И да – Мазай предстаёт перед нами в образе некоего чудоковатого типа, совершающего нелогичные действия. Начиная с того, что заяц для крестьянина – это основная добыча и заработок (шкурки продавали), а наш герой не только спасает их от наводнения, но это делал и раньше, в первой части произведения:
Дня не проводит Мазай без охоты.
Жил бы он славно, не знал бы заботы,
Кабы не стали глаза изменять:
Начал частенько Мазай пуделять.
Впрочем, в отчаянье он не приходит:
Выпалит дедушка – заяц уходит,
Дедушка пальцем косому грозит:
«Врешь – упадешь!» – добродушно кричит.
В. Головин справедливо отмечает несвойственные крестьянскому мужику вещи:
В августе, около Малых Вежей,
С старым Мазаем я бил дупелей.
Исследователь сообщает, что в это время года охота на куликов (дупелей) не являлась промыслом, а чисто барской забавой. Чудит Мазай и в намеках Некрасова, что старик может выпить, покуражится:
За сорок верст в Кострому прямиком
Сбегать лесами ему нипочём…
…Раз в кураже я их звал-поджидал
Целую ночь, – никого не видал!..
В последнем случае Мазай уже чудит всерьёз, как не может поступать человек богобоязливый, истинно верующий.

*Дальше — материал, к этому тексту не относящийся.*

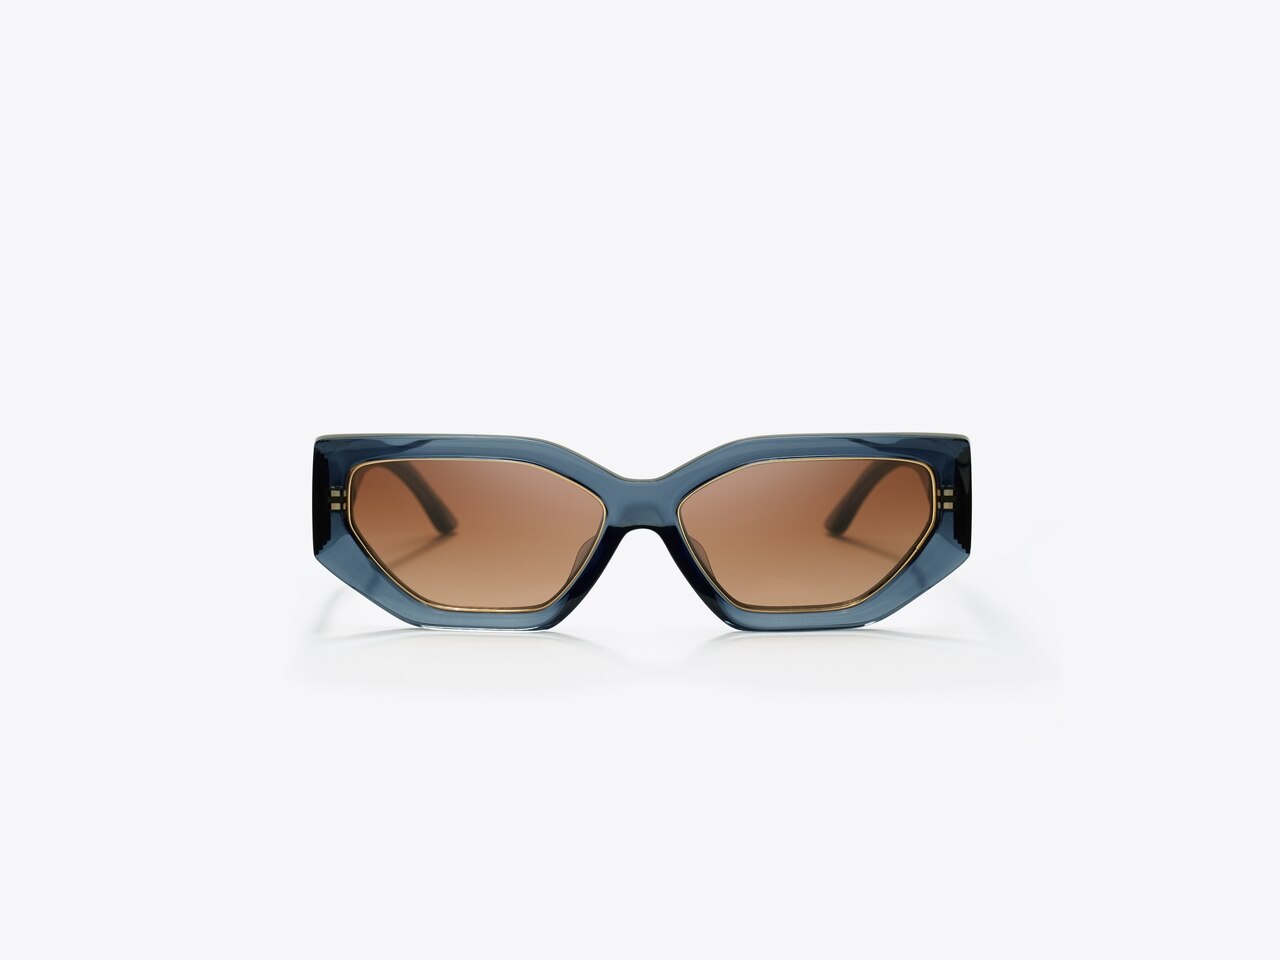 Tory Burch Women's Sunglasses, TY9070U - Dark Tortoise
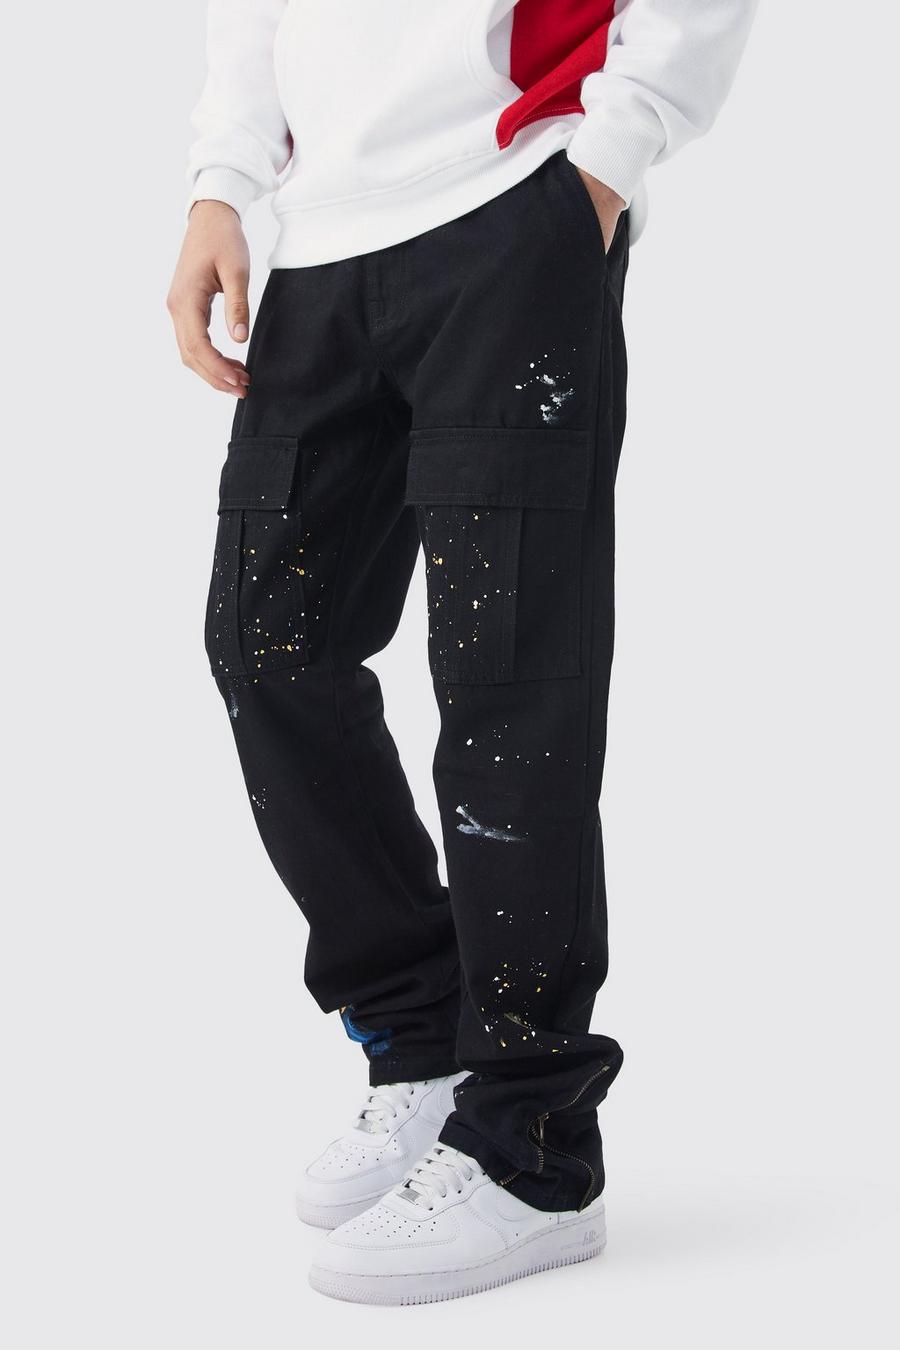 Pantaloni Cargo Slim Fit con zip, pieghe sul fondo e schizzi di colore, Black nero

Ведь поджидал Мазай нечистую силу:
«Лес не дорога: по птице, по зверю
Выпалить можно». – А леший? – «Не верю!».
Мы близко подошли к тому недоверию, которое вызывает сейчас имя Мазай. Почему этим именем, по замечанию Т. Долгополовой, не называют мальчиков. Как, допустим, именами Остап, Ипполит (дважды скомпрометированное имя: в «12 стульях» и в фильме «Ирония судьбы» Э. Рязанова). Вроде как персонажи с этими именами обаятельные, но настораживающие. Те, от которых неизвестно что можно ожидать. Бендер – непредсказуемый, хотя и обаятельный плут. А Ипполиты… Один вроде беспомощный тюфяк, но может внезапно зарезать, другой – правильный, положительный советский человек, который может внезапно принять душ в верхней одежде.
Непредсказуем и наш Мазай. Ведь он, вероятно, враль, как барон Мюнгаузен, скоморох, шут:
Кабы не стали глаза изменять:
Начал частенько Мазай пуделять.
Недаром В. Головин отмечает своеобразный речитатив персонажа, который называет «раёшный стих», используемый специалистами (которые ценились и специально годами обучались) по загону дичи на охоте:
Смотри, косой,
Теперь спасайся,
А чур зимой
Не попадайся!
Прицелюсь – бух!
И ляжешь… У-у-у-х!..
Тем самым, где-то и оправдывая чудаковатость Мазая: «В Порховском уезде Псковской губернии целая деревня поставляла умельцев по-особому «порскать», т. е. раешным стихом представлять хозяину информацию об условиях охоты, местоположении и качестве зверя». И поясняя опять-таки, с чего вдруг не в промысловый сезон Некрасова на охоте сопровождает именно такой человек.
По всему выходит, что дедушка Мазай – личность шумная, не всегда адекватная, потенциально опасная, непредсказуемая, способная в любой момент нарушить правила имеющейся игры. А если принять во внимание его попытки контакта с нечистой силой и – как вывод – отрицание её, сверхъестественного, даже, возможно, бога, – к такому типажу может быть только настороженное отношение. И даже сцена спасения зайцев такого отношения не меняет. Вначале он их, как написано в произведении, спасает от паводка, а следом тут же грозит при встрече подстрелить. Подстрелит или нет – тут ещё вопрос. Но такое нелогичное поведение насторожит кого угодно.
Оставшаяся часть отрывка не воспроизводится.